I have no reason to doubt that IBM has some 5 qubit QCs with quantum volume of 32 online. The issue is not whether these exist (or a lot more), it is whether it can be scaled up to much larger systems with adequate error correction.
It's not just about the qubits, as it would be if devices were perfect. This is why the concept of quantum volume, more indicative of computing power, was invented.
An interesting fact there is while IBM (a big player for sure) has only claimed modest quantum volumes, claims of massively higher values, indicating much more powerful QCs have been made by IonQ:
Very long answer: .........................................................................................yes
(but only with future sufficiently powerful quantum computers).

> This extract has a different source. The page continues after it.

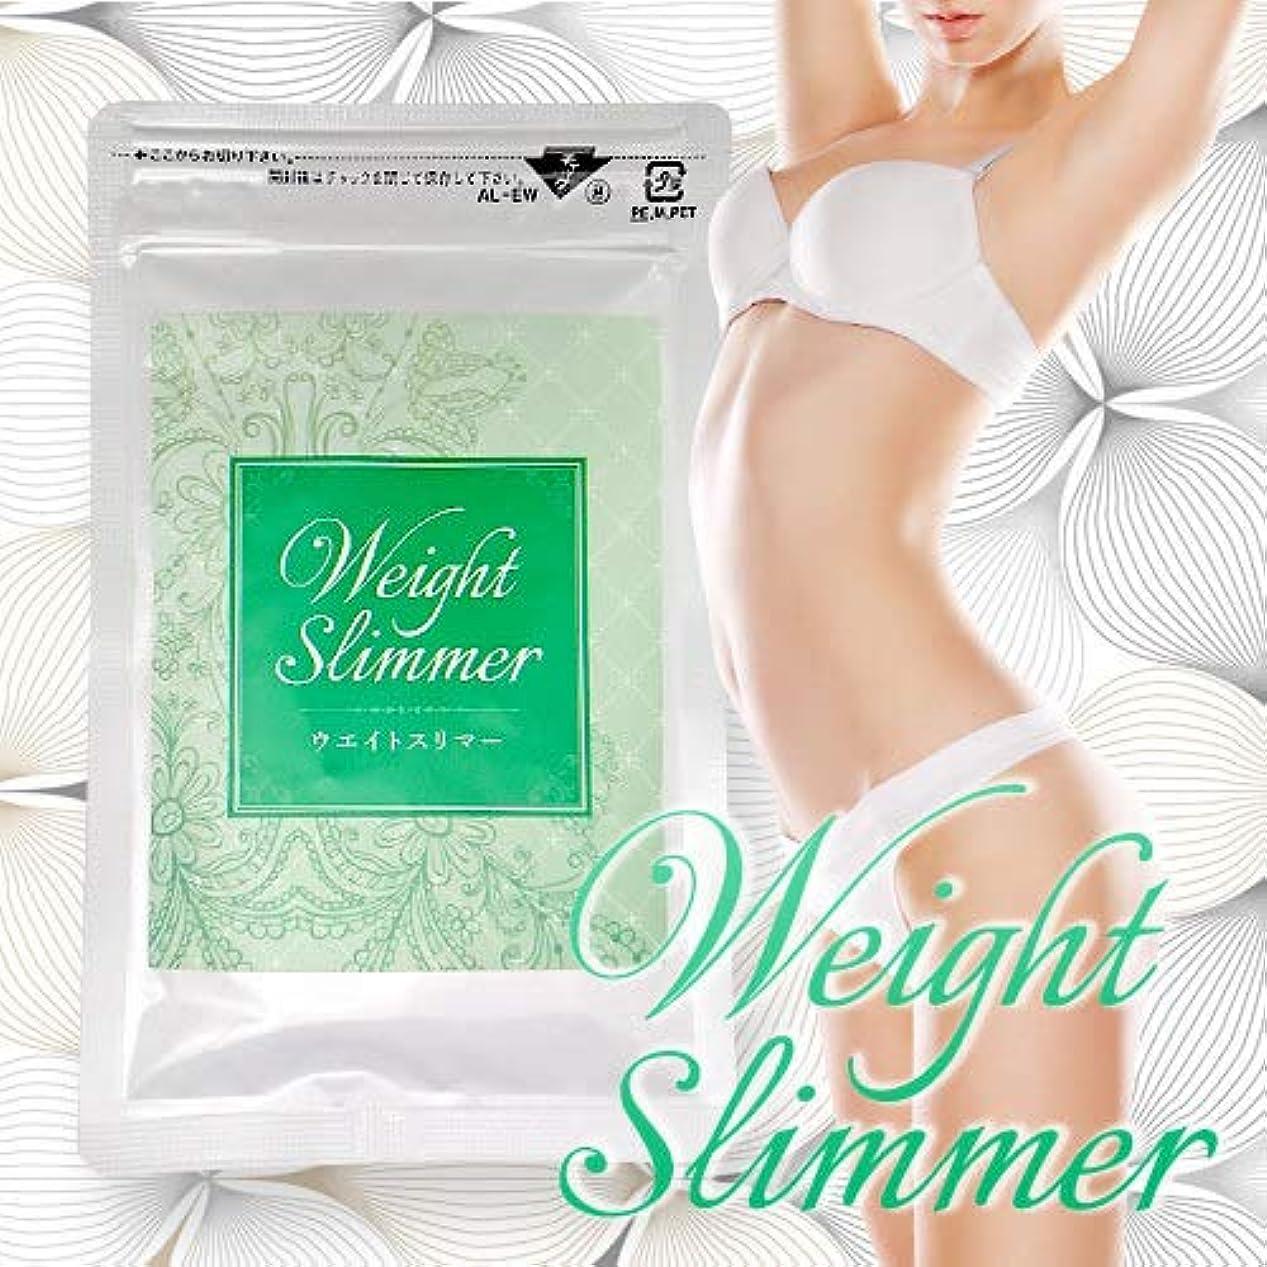 アセドア結婚式ウェイトスリマー Weight Slimmer ダイエット ダイエットサプリメント
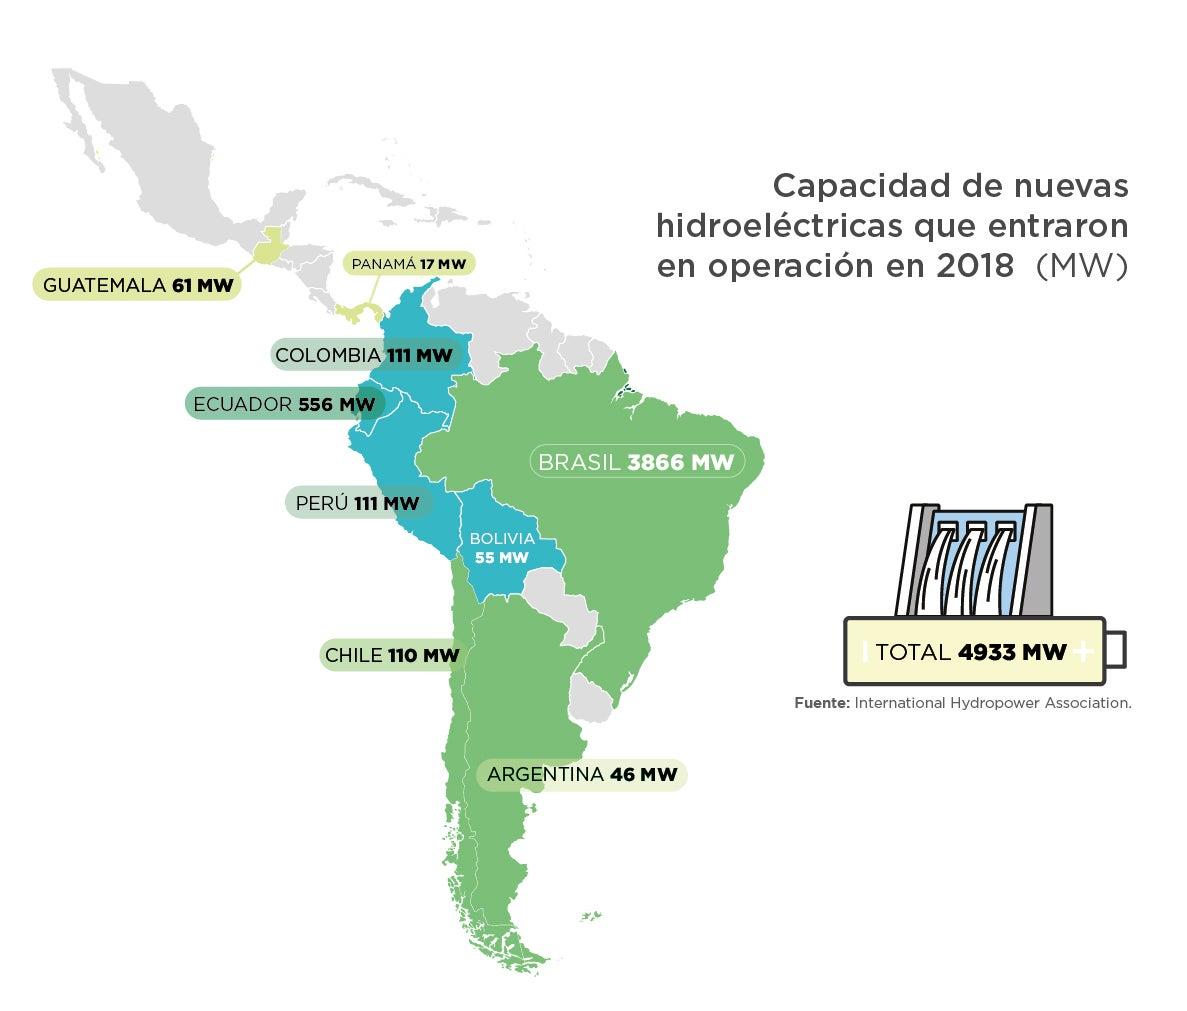 Mapa Capacidad instalada Hidroeléctrica

I'm reserving judgment until quantum computers actually achieve something more than press releases in a non-sampling, non-chaos "weather prediction" type of application. I hope for the best, but right now there's just a lot of what-ifs going on. Predicting the weather planet-wide would be a much smaller application than 10^40+
.
I have seen all the "try it" cloud based stuff...but nobody has diddly idea how much of that is marketing spin and smoke and mirrors. Even if you publish the source, you don't actually know what's running. Much like Kasparov had reason to suspect Joel Benjamin helped Deep Blue, you don't know for sure until the trend line of actual achievement shows definitive progress that proves out the theory. If cloud services didn't happen to work as well as marketing execs wanted, then they will modify the parameters in a non-ethical way. Just like the Alpha Zero team did when they played Stockfish in a closed lab, then made a press release that was unwarranted until later.
So, until quantum computers publish their list of verifiable achievements of a type that cannot be done by traditional computers, it's not really anything worth getting worked up about. It's a nice concept, with great potential. Like space elevators. We can talk about them all day, but until you manufacture a material with enough tensile strength, it's just talk.